И не обманул: за все время ни разу не заговорил по-русски и не вспомнил Митеньку Вощинина. Ни разу. Только однажды, да и то по-французски рассказал любопытную историю, пролившую, как говорят литераторы, свет на его фантастически быстрое согласие на вербовку.
- А все началось с того, - сказал как-то "под настроение", проистекавшее из плотного обеда с не слишком обильной, но
пропорциональной
выпивкой, Лешаков, - что увидел я как-то знакомое лицо... на Rue Maitre Albert увидел.
- Где, где? - поинтересовался Федорчук, чуя недоброе.
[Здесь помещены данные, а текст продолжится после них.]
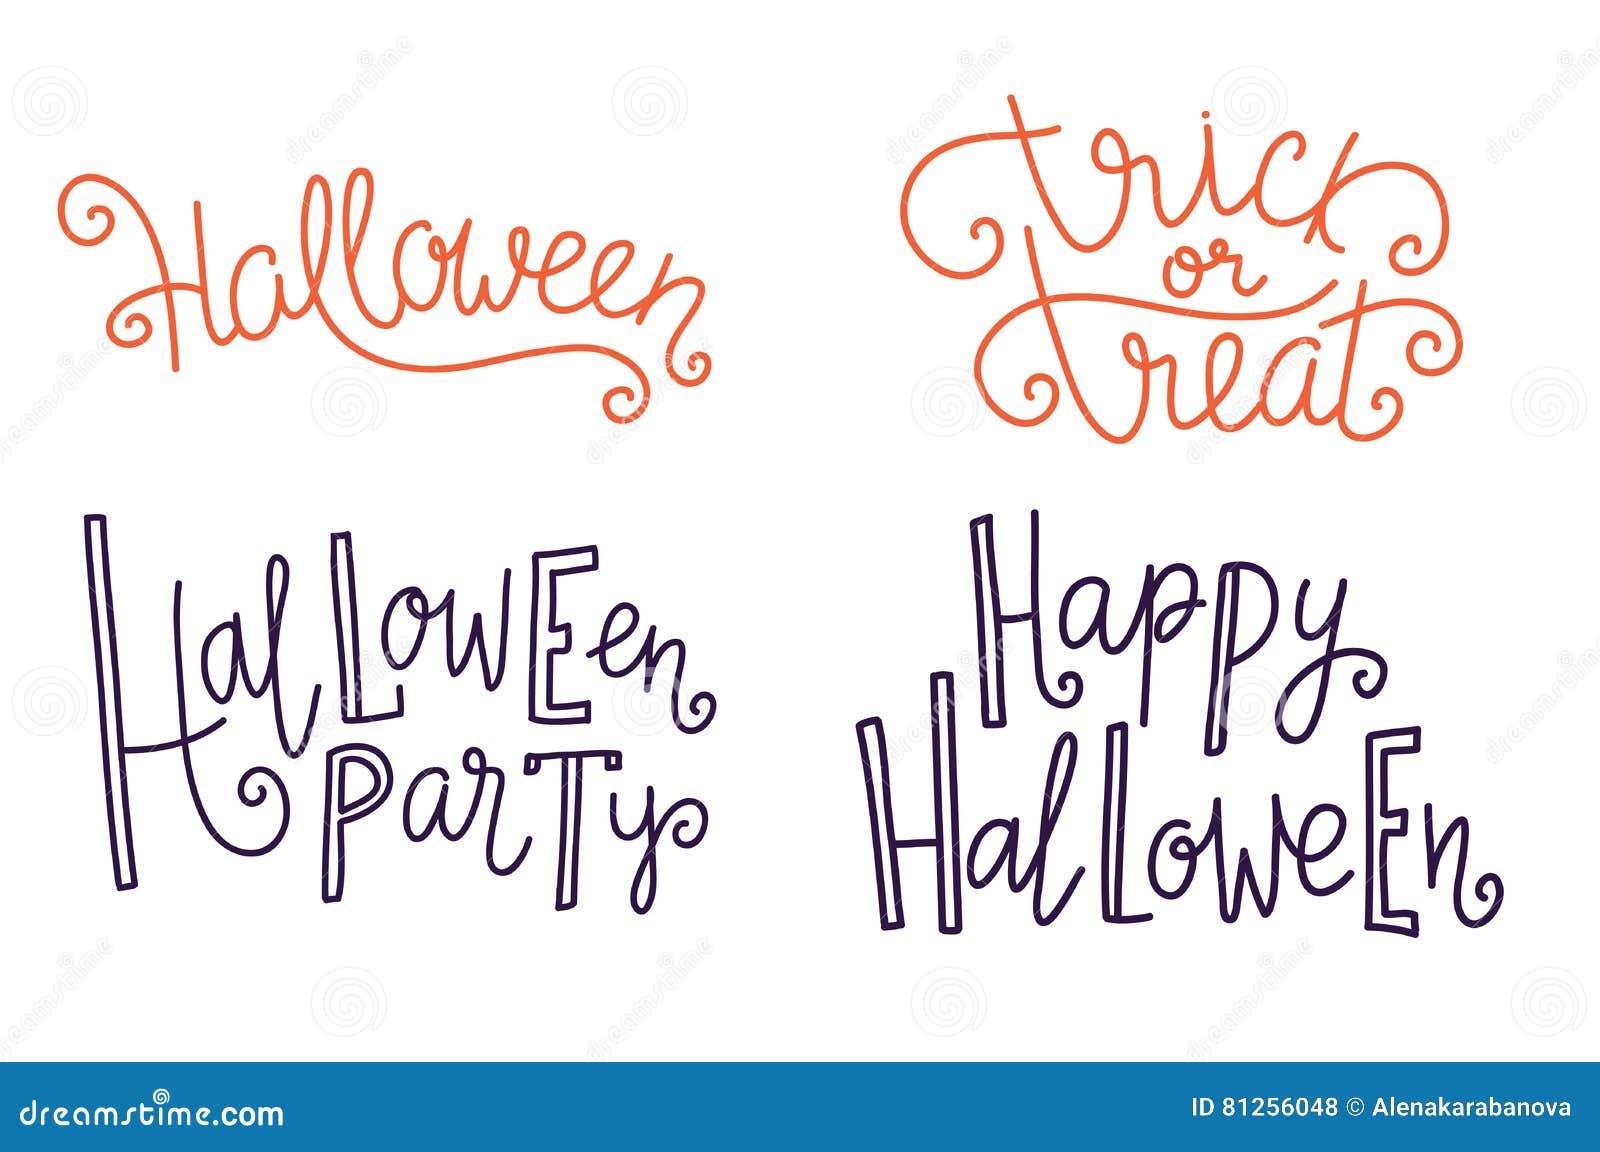 Halloween Greeting Lettering Season Vector Holiday Design Of

- На Rue Maitre Albert, - повторил Лешаков. - Я работал шофером на грузовике у "Папаши Гильбэ", ну может, знаете, месье Поль: "Перевезем все что хотите. Спросите папашу Гильбэ". И вот
однажды
вез я пиво... Как раз в пивную на Rue Maitre Albert. Уже разгрузился и еду потихоньку обратно - уж больно много в этот день машин там скопилось, как вдруг мне чуть не на радиатор какой-то псих бросается. Ну я по тормозам, и в сторону. Только хотел выйти, объяснить недоумку кто он есть, как из авто напротив человек со "шмайсером" выскочил. Видел я "шмайсеры", месье Поль, но не в Париже! Я и так на взводе после того блаженного, что чуть под колеса не попал, а тут еще такое... Представляете, зрение вдруг резким стало, как через лупу: все детали вижу. Даже подумать ничего не успел: нога сама на педаль газа нажала, перегазовка и... и третья скорость, разумеется.. Под пули в Париже попадать - никакого интереса... Отъехал уже с квартал - слышу перестрелка, потом взрыв. Поставил я свой Ситроен в гараж и домой, а утром во всех газетах... Ну думаю - пронесло. А потом соображаю - вычислят мой грузовичок, не ажаны, так Гепеу. Узнают, кто за рулем был, и за соучастника пойду. А еще потом вдруг мысль засвербила: тот, со "шмайсером", знакомым мне показался, закрыл я глаза и... как в кино картинка крутится... Разглядел я лицо, но...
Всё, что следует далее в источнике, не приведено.